Figure 14 is a diagram showing functional units of an access network device 530 according to some embodiments. As shown in Figure 14, the client comprises a number of functional modules; a signaling module configured to perform step 805; an initiate module configured to perform step 810; a start module configured to perform steps 815 and 835; an acknowledgement module configured to perform steps 820, 840, and 865; a transfer module configured to perform steps 825 and 860; a setup module configured to perform steps 830 and 845; a success module configured to perform step 850; a procedure module configured to perform step 855; a downlink module configured to perform step 870; and an uplink module configured to perform step 875. In general terms, each functional module may be implemented in hardware or in software. Preferably, one or more or all functional modules may be implemented by the processing circuitry, possibly in cooperation with the communications interface and/orthe storage medium. The processing circuitry may thus be arranged to, from the storage medium, fetch instructions, thereby performing any steps of the access network device 530 as disclosed herein.

Figure 15 is a block diagram of the access network device 130, 530 according to some embodiments. As shown in Figure 15, the access network device 130, 530 may comprise: processing circuitry 1510 which may include one or more processors (e.g., a general purpose microprocessor and/or one or more processors, such as an application specific integrated circuit (ASIC), field-programmable gate arrays (FPGAs) and the like); a communications interface 1520 for communicating with other nodes connected to a network 100,500; and a storage medium 1530 which may include one or more non-volatile storage devices and/or one or more volatile storage devices(e.g., random access memory (RAM)).
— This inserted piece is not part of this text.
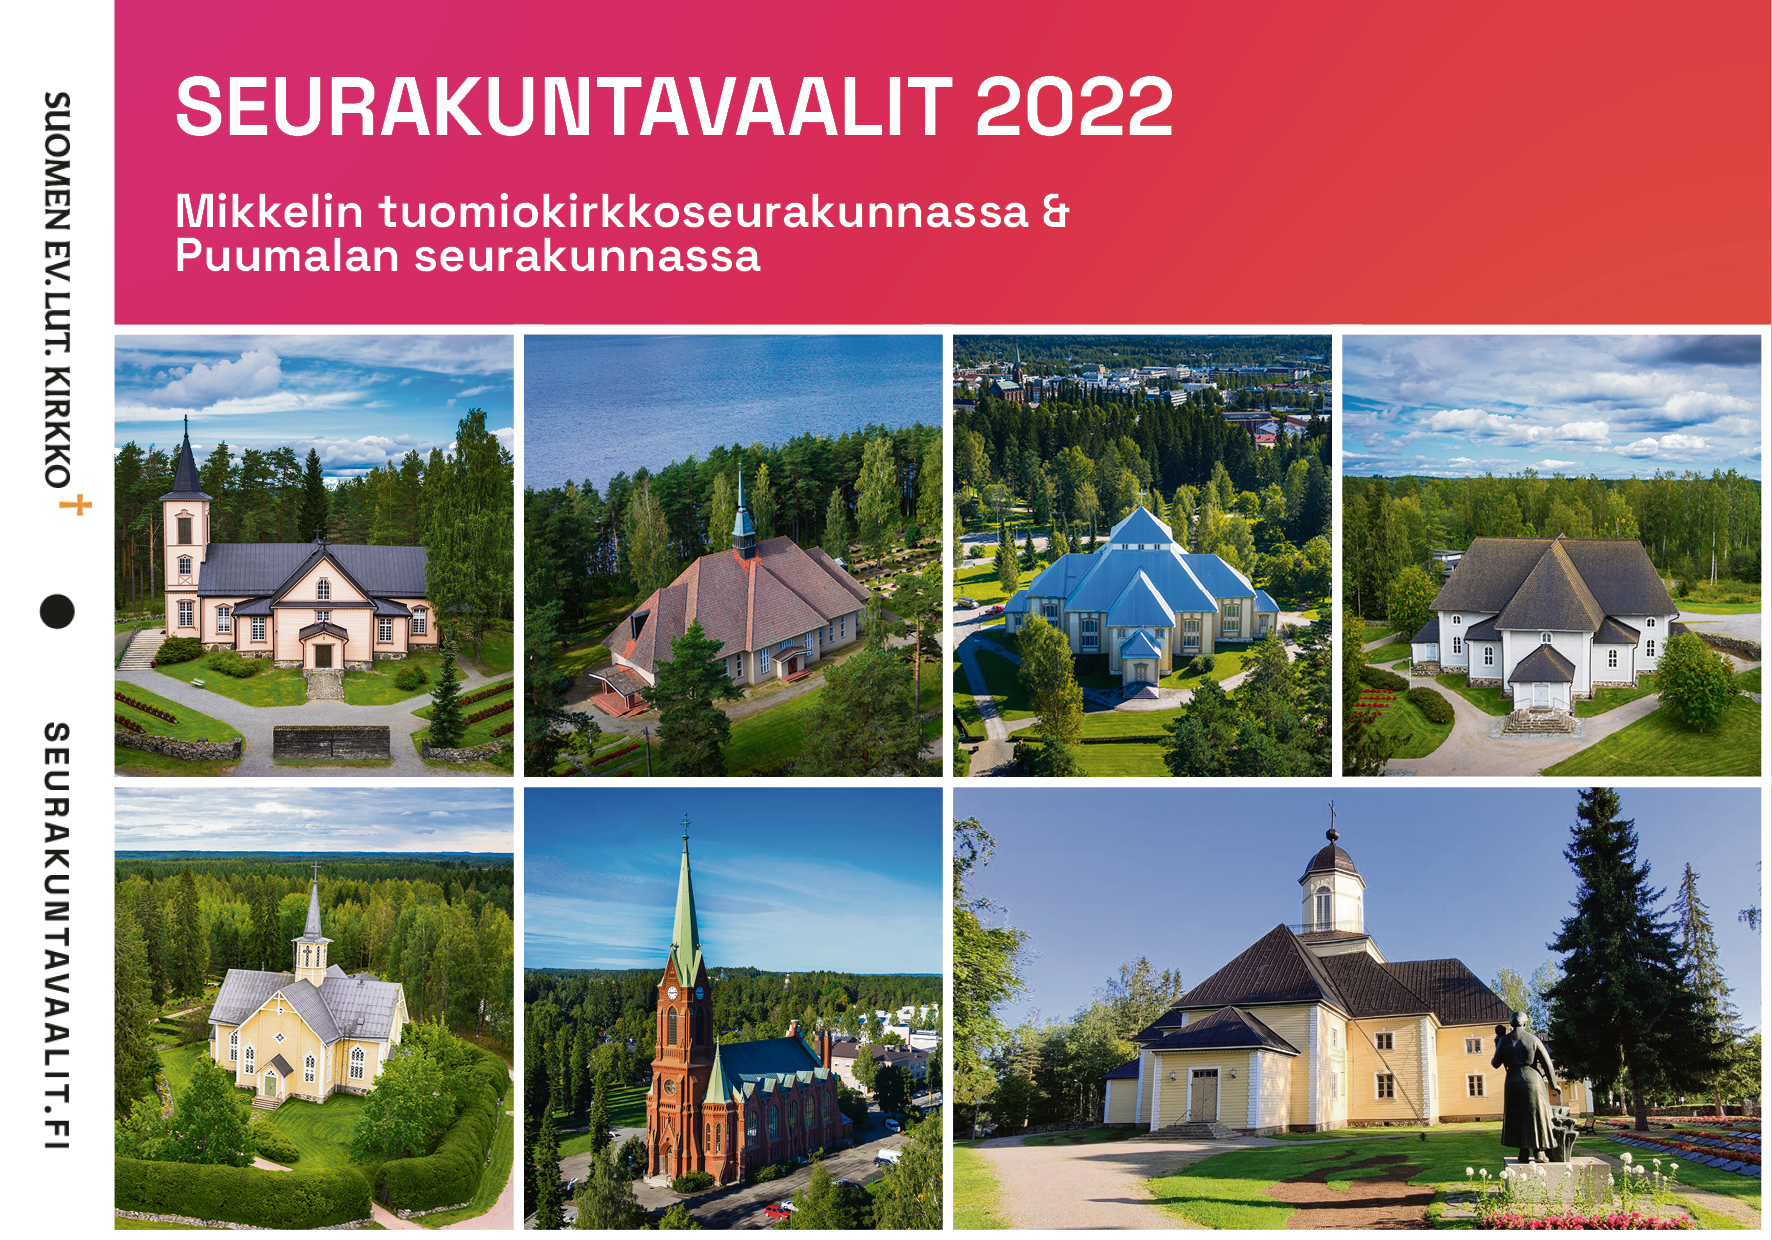 Seurakuntavaalien mainoskuva, jossa mukana kaikki Mikkelin tuomiokirkkoseurakunnan kirkot sekä Puumala.

In embodiments where the smart proxy includes a programmable processor 1510, a computer program product may be provided. A computer program product includes a computer readable medium 1620 such as, but not limited to, the storage medium 1530, magnetic media (e.g., a hard disk), optical media, memory devices, and the like. The storage medium may contain a computer program 1630 containing computer readable instructions 1640 that when executed by the processor circuit 1510 causes the processor circuit to perform operations according to embodiments disclosed herein. According to other embodiments, processor circuitry 1510 may be defined to include a storage medium so a separate storage medium is not required.
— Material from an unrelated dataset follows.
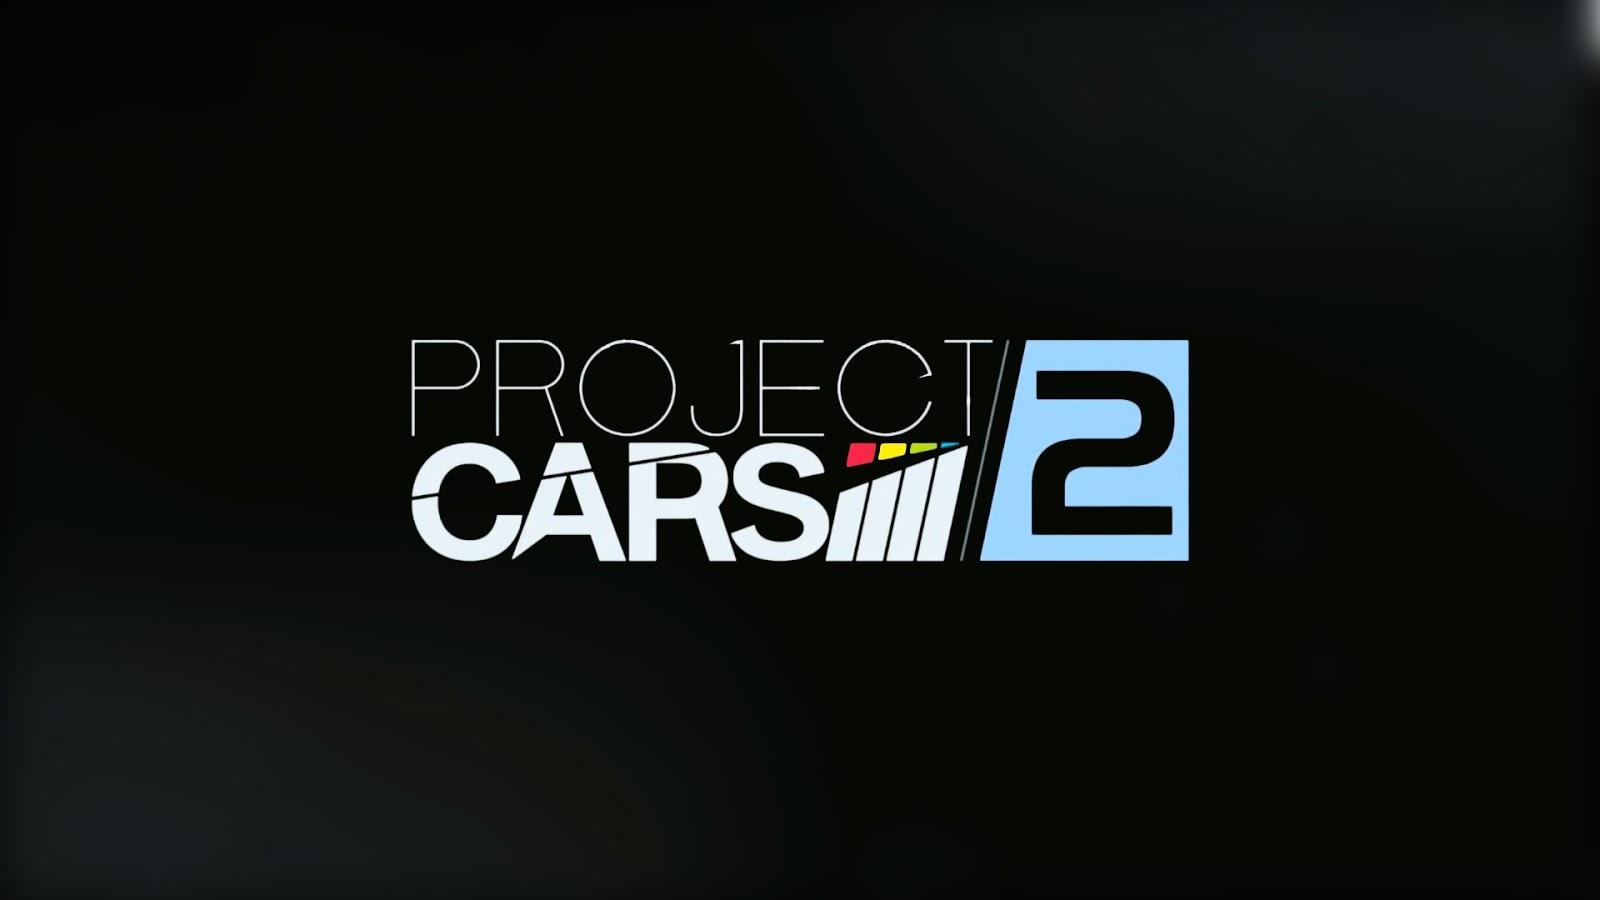 Project Cars 2 HD Wallpaper 18 X 900

Figure 16 is a diagram showing an embodiment of the invention. As shown in Fig 16., the computer program product 1610 comprises a computer readable medium 1620 storing a computer program 1640 comprising computer readable instructions 1640. The computer readable medium may be but not limited to, a storage medium 1530, magnetic media (e.g., a hard disk), optical media, memory devices (e.g., random access memory, flash memory) and the like. Also, while various embodiments of the present disclosure are described herein, it should be understood that they have been presented by way of example only, and not limitation. Thus, the breadth and scope of the present disclosure should not be limited by any of the above-described exemplary embodiments. Moreover, any combination of the above-described elements in all possible variations thereof is encompassed by the disclosure unless otherwise indicated herein or otherwise contradicted by context.

Additionally, while the processes described above and illustrated in the drawings are shown as a sequence of steps, this was done solely for the sake of illustration. Accordingly, it is contemplated that some steps may be added, some steps may be omitted, the order of the steps may be re-arranged, and some steps may be performed in parallel.